Tuberculosis in the Afghan Immigrant in Kerman Province of Iran
This study was performed to examine the prevalence of
tuberculosis (TB) in Afghan immigrants in Kerman province of Iran. Total
of three hundred samples were collected from Afghan immigrants and were
analyzed by PCR using primers corresponding to the recF gene of M.
tuberculosis complex. Present results showed that Mycobacterium
tuberculosis DNA was present in 36 out of 300 (12%) sputum samples.
Thirty-two out of 36 patients were women (88%) and 4 cases were men (12%).

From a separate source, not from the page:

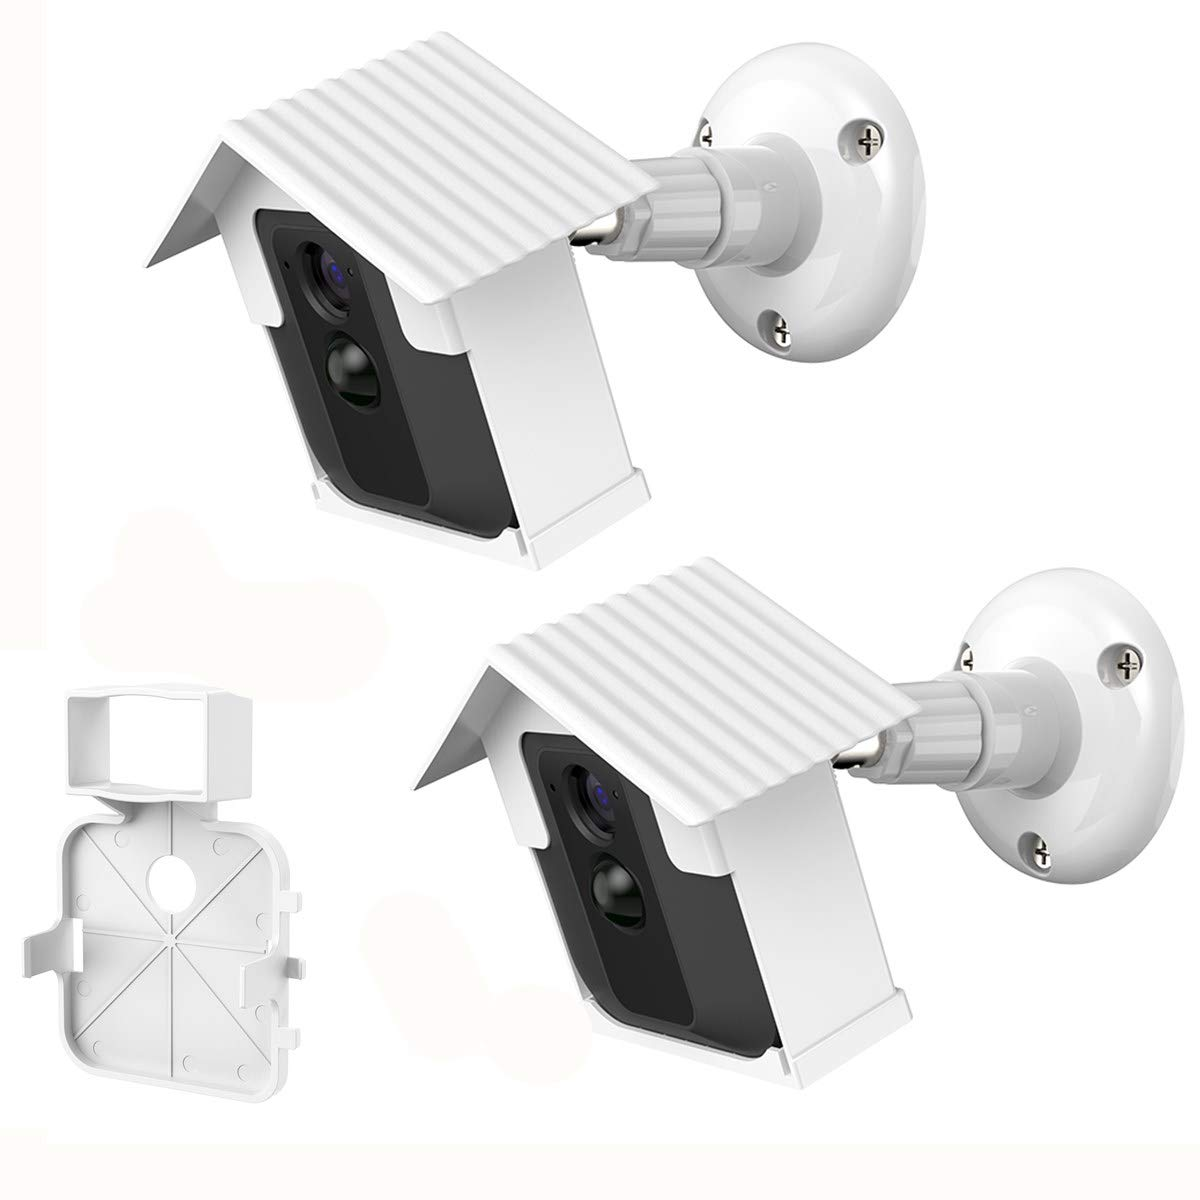 BECROWMUS Blink XT ウォールマウントブラケット 耐候性 360度保護 屋内外用 マウントカバーケース Blink XTスマートスポットカメラ用 アンチグレアUV保護 Case-HNUS-HS0179-W B07HCJ34X8 White(2 case+1 stand)
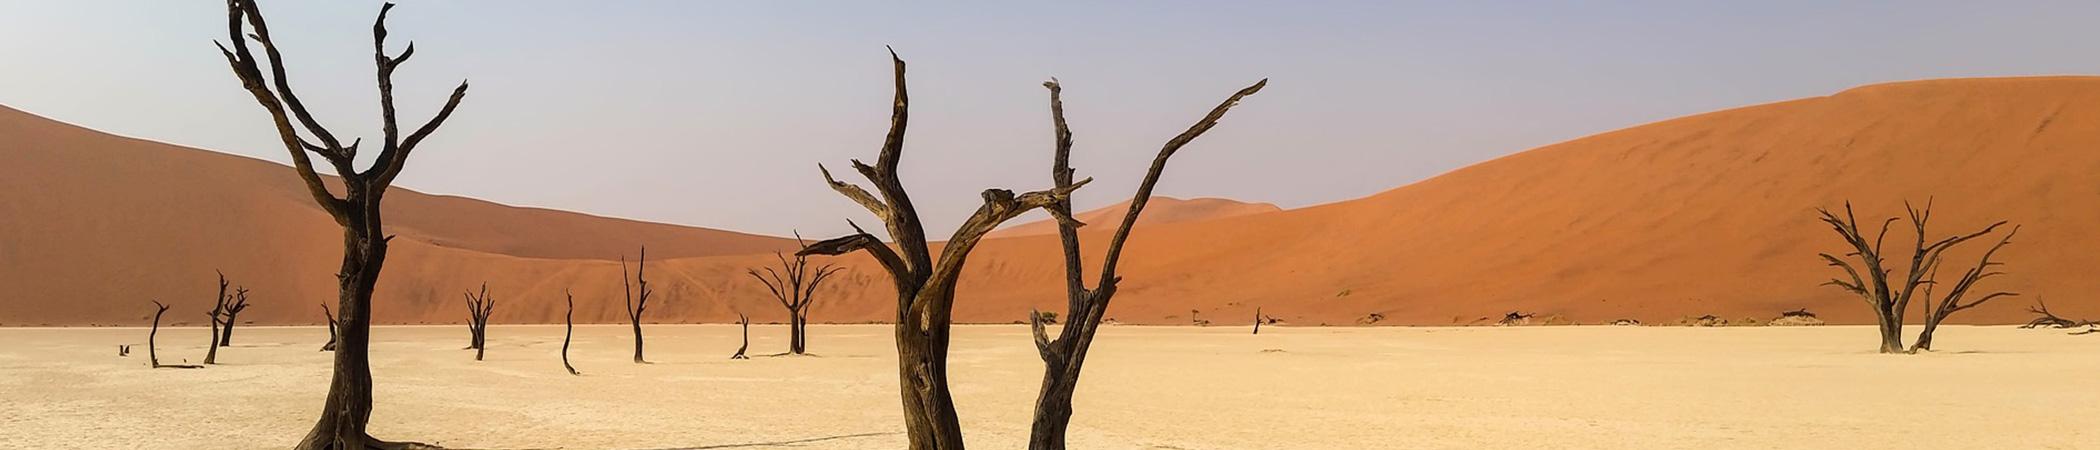 Namibia Holiday Destination

Present results demonstrated that these immigrants are high risk for TB
infection and surprisingly women are more affected. Therefore, a wide
variety of strategies are needed for prevention and treatment of TB in
Tuberculosis (TB) is one of the oldest diseases which are known to affect
humans. The disease usually affects the lungs and in nearly one-third
of cases other organs are also involved (Lolekha et al., 2008).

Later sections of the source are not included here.